H.R. 5214 would allow the federal government to bring charges against representative payees who misuse payments received from the Federal Employees Retirement System or the Civil Service Retirement System. (A representative payee is a person or organization that manages federal retirement benefits for recipients who are unable to do so themselves.)
CBO assumes H.R. 5214 will be enacted in fiscal year 2020. Because the total number of representative payees is relatively small (about 12,500), CBO expects that only a relatively small number of cases would be pursued, so any increase in costs for law enforcement, court proceedings, or prison operations would not be significant. Any such costs would be subject to the availability of appropriated funds.

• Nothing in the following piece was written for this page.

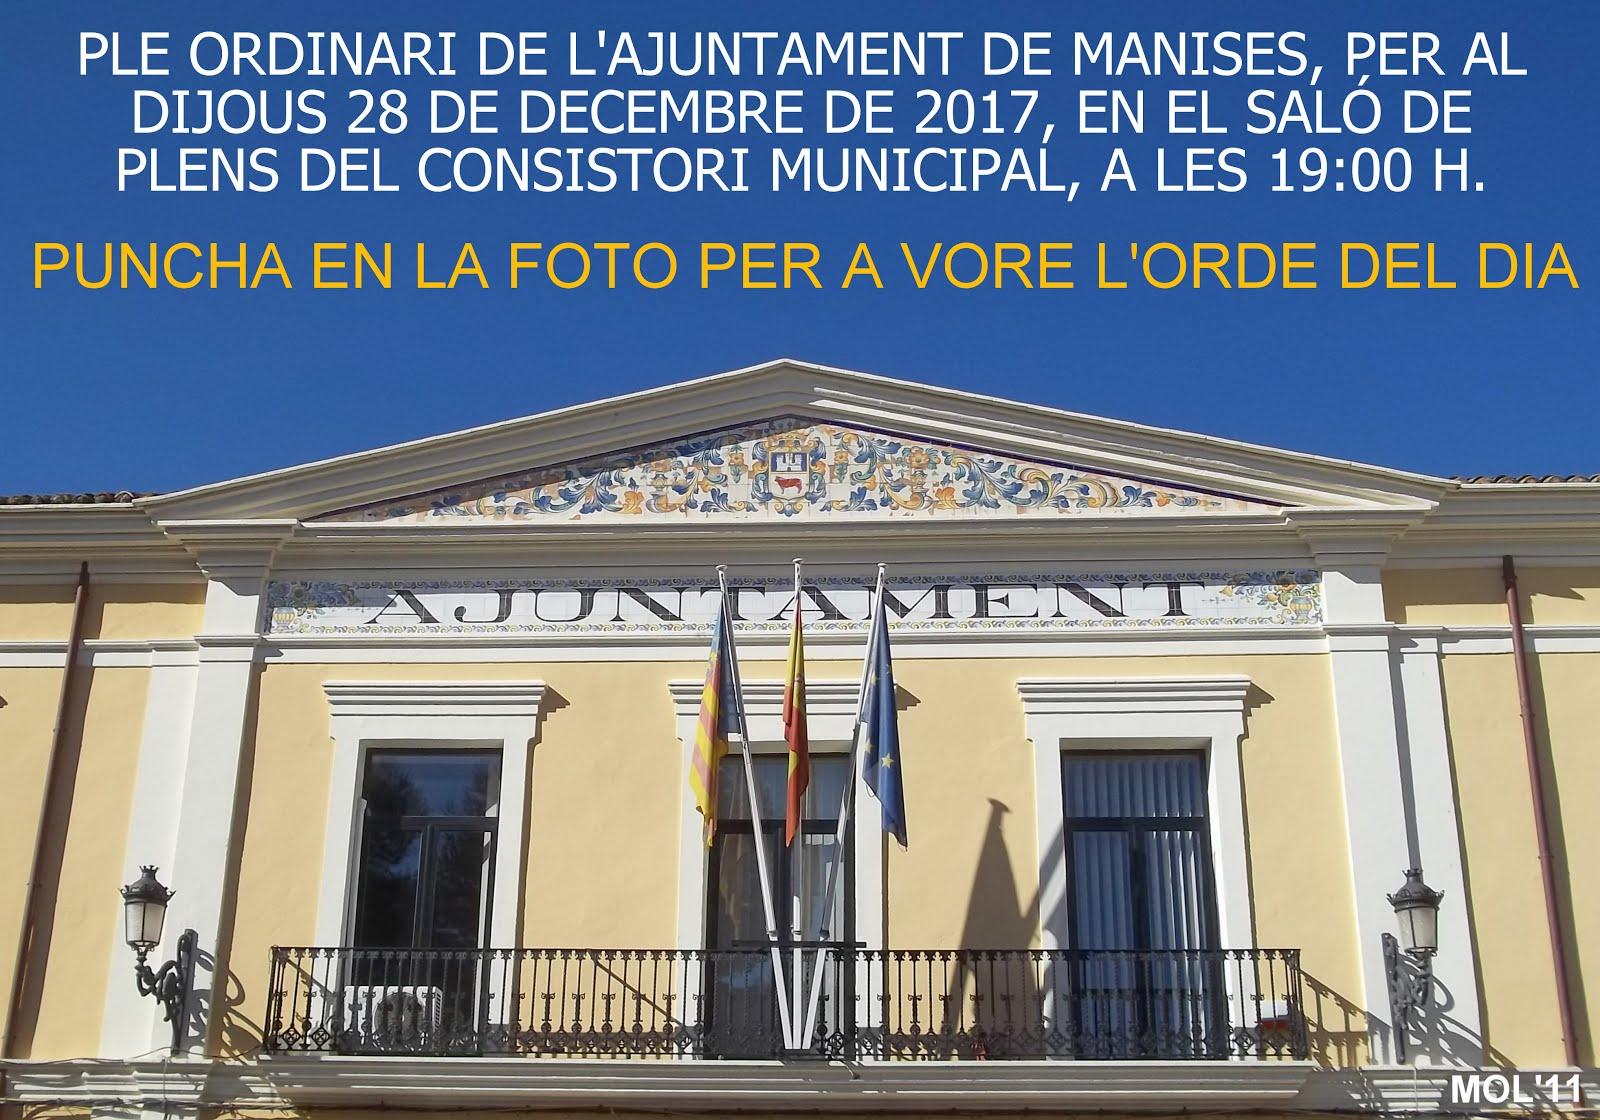 28.12.17 PLE ORDINARI DE L'AJUNTAMENT DE MANISES, DEL MES DE DECEMBRE DE 2017

Because those prosecuted and convicted under H.R. 5214 could be subject to civil and criminal fines, the federal government might collect additional amounts. Criminal and civil fines are recorded in the budget as revenues. Criminal fines are deposited in the Crime Victims Fund, and later spent without future appropriation action. CBO expects that the revenues and direct spending associated with those penalties would not be significant in any year because of the relatively small number of cases likely to be affected.
On June 13, 2019, CBO transmitted a cost estimate for S. 1430, the Representative Payee Fraud Prevention Act of 2019, as ordered reported by the Senate Committee on Homeland Security and Governmental Affairs on May 15, 2019. Although there are differences between the two pieces of legislation, CBO’s estimates of the budgetary effects are the same for both versions.